Recovery Capital (RC) are the resources that people in recovery rely on to sustain and enhance their lives—internal resources such as coping skills, resiliency, and perseverance as well as external assets such as supportive relationships, peer support, and meaningful work/employment. 

Although the term was coined over 20 years ago (Granfield & Cloud, 1999), RC’s utility is only recently getting the attention it deserves. RC can be categorized in the following domains: (a) personal capital (qualities such as resiliency); (b) social capital (networks and supports that the individual can draw from) and (c) community capital (resources from the individual’s local community such as affordable housing and training/employment opportunities; Best & Laudet, 2010). 

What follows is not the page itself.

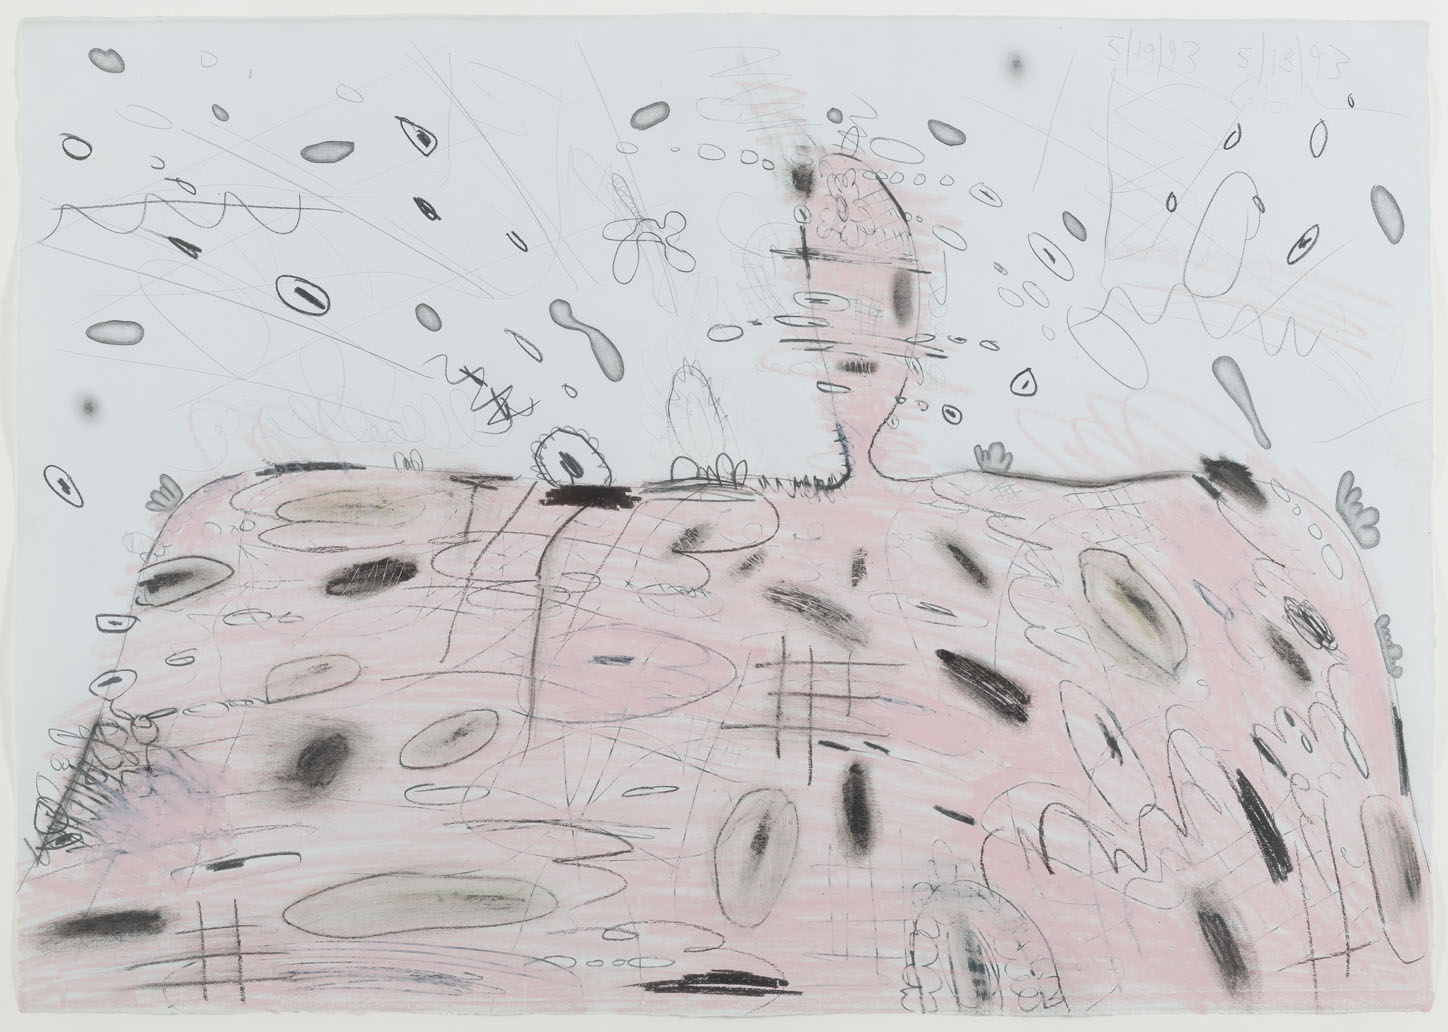 <i>Pink Mound with Eruption (5/18/93, 5/19/93)</i>, 1993, wax crayon and graphite on paper,19 5/8 x 28 inches (49.8 x 71.1 cm)

Why does Recovery Capital matter now more than ever? RC transcends traditional health screening and offers a more comprehensive picture of how an individual is doing on their recovery journey—identifying both strengths and areas for growth. In other words, RC is a currency of recovery—a measure of how much recovery an individual possesses at a moment in time.  

RC enables a more meaningful and comprehensive assessment of recovery—insights into indicators and predictors such as global health and wellness, nutrition, social connectivity, employment satisfaction, socioeconomic status, relationship health, educational interests, and skill-building. 

For example, RC enables an individual in recovery and their care team (e.g., a Manifesto peer recovery coach) to gain well-rounded insights into their strengths and potential risk areas while tracking useful outcomes and informing targeted and timely interventions. At Manifesto Health, we use RC as our barometer for progress—enabling a higher level of personalization for our nonclinical support services (in stark contrast to the one-size-fits-all addiction treatment approach). 

Moreover, RC provides other stakeholders in the measurement and outcomes of treatment (e.g., providers, payers) a valid, reliable and standardized tool. This holistic measure of recovery transcends the limited and reductive measures of old—such as only tracking substance use recurrence or treatment recidivism.

RC gets us closer to an empirically testable science of recovery—one that upends traditional addiction science that emphasizes pathology over strengths and capabilities. Capturing and measuring recovery pathways and trajectories is a work in progress in addiction research. RC offers an empirically-driven and culturally-appropriate method that can accelerate addiction science and identify the elusive indicators and predictors of recovery.

As the evolution of value-based care in behavioral health continues to emerge, measurement and outcome tracking will take on a new level of necessity—and for good reason! We cannot manage (i.e., change/improve/modify/test) what we don’t measure—and Recovery Capital measures what matters.